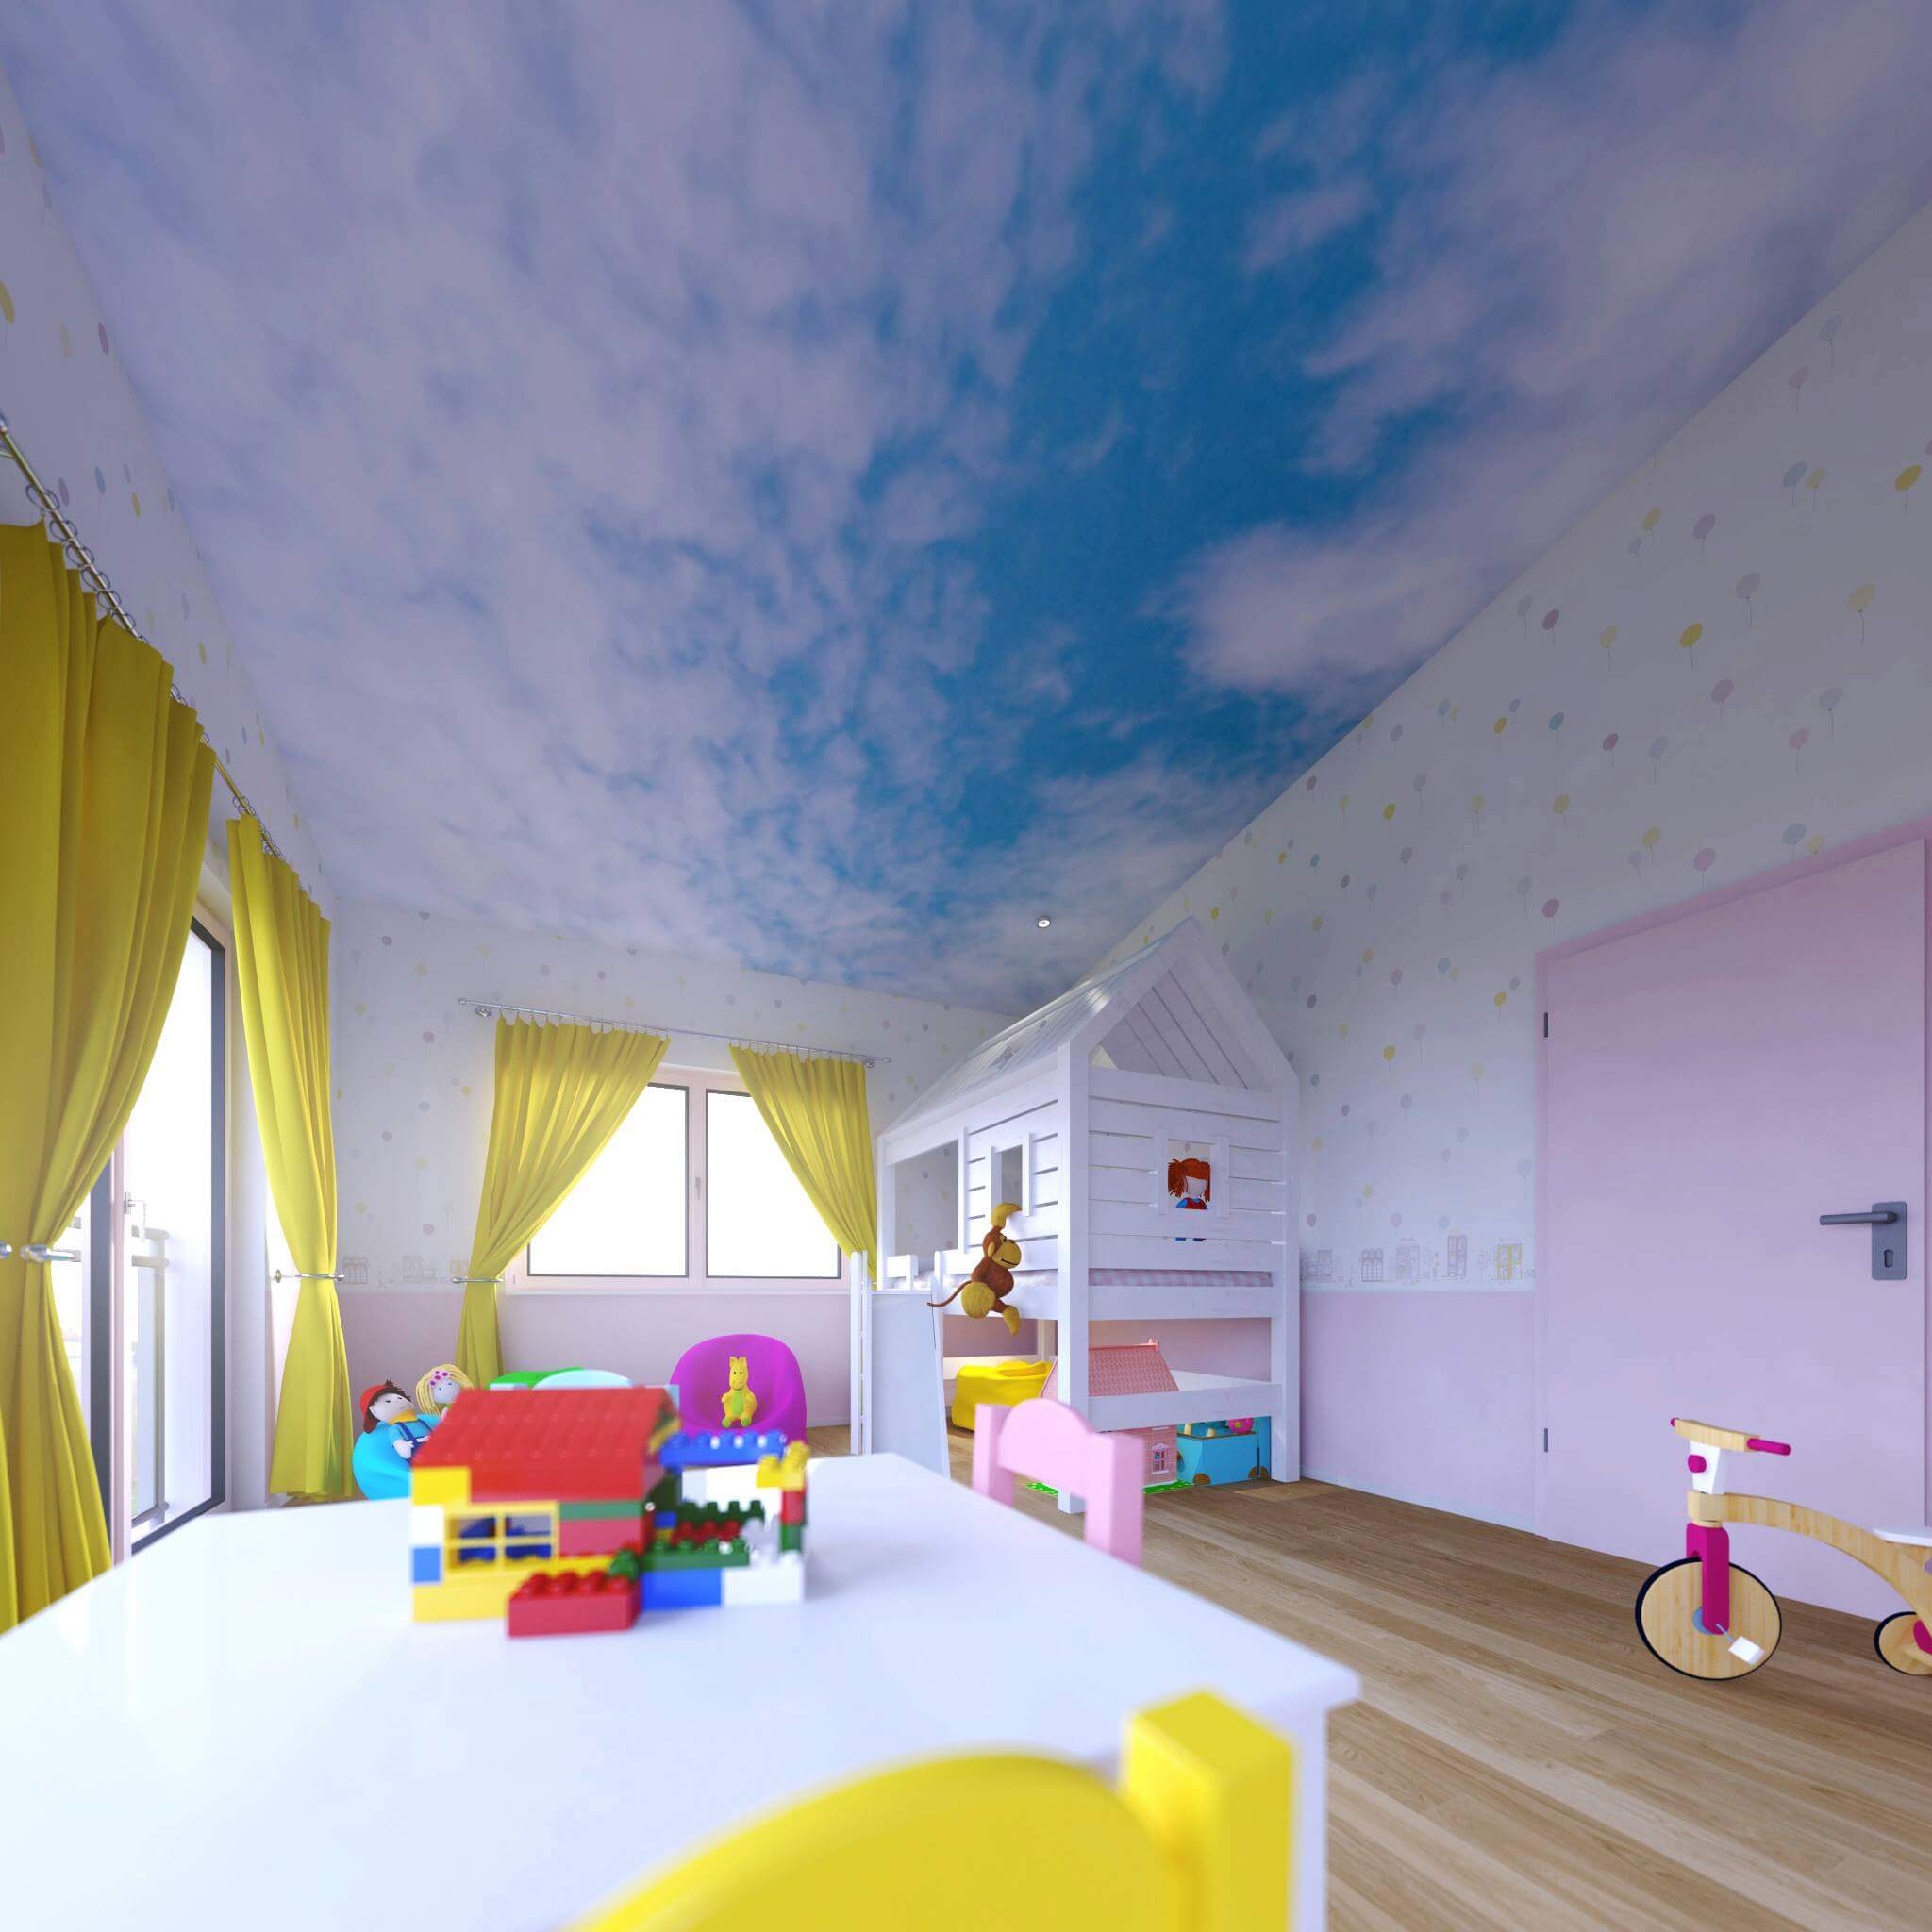 Blaue Decke mit Wolken als Stilelement im modernen Kinderzimmer Design
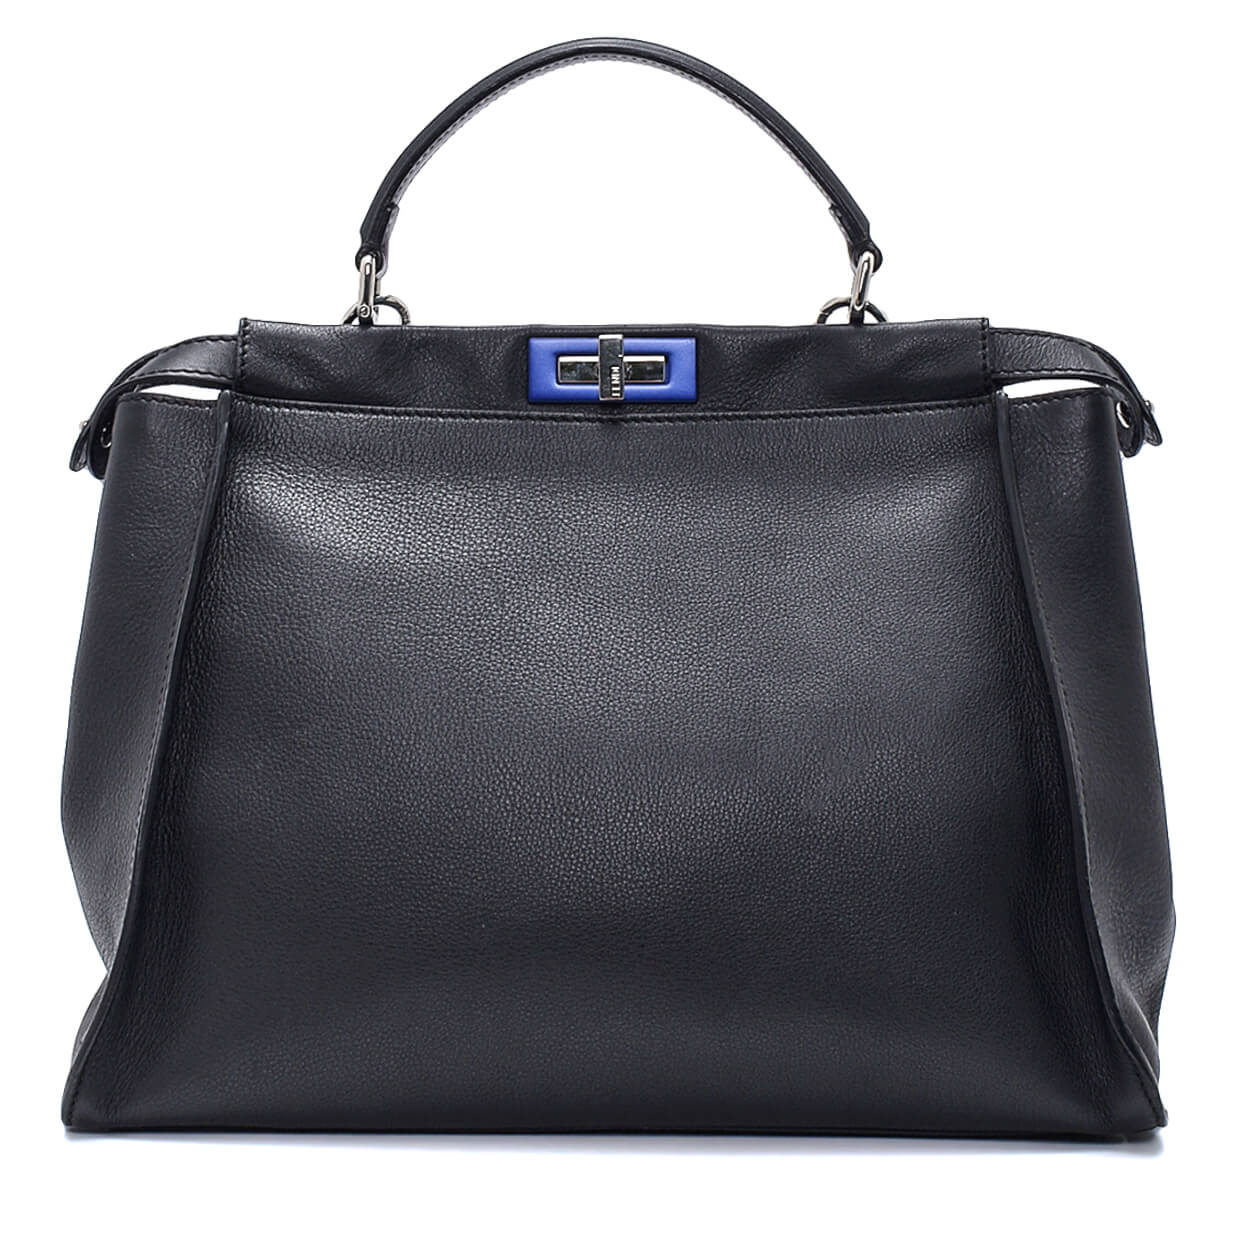 Fendi - Black Leather & Blue Twist Lock Peekaboo Large Bag
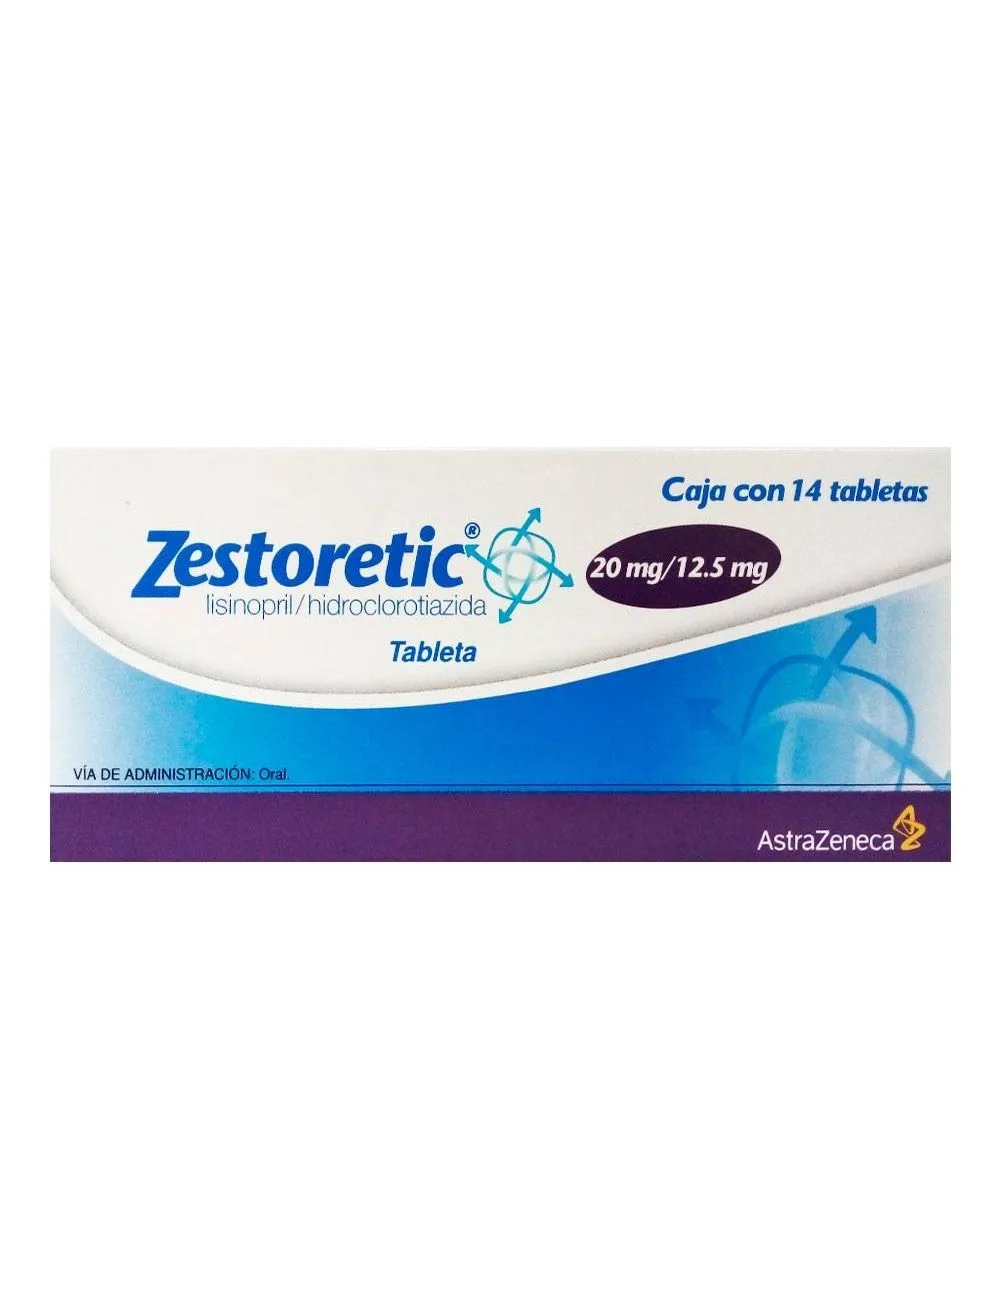 Comprar Zestoretic 20/12.5 Mg Con 14 Tabletas

■ **WHAT YOU NEED TO DO**: Pictures are to be left out; repeat all the remaining data exactly.

■ **ANSWER BOX**:
 Blaue Decke mit Wolken als Stilelement im modernen Kinderzimmer Design
 Fendi - Black Leather & Blue Twist Lock Peekaboo Large Bag
 Comprar Zestoretic 20/12.5 Mg Con 14 Tabletas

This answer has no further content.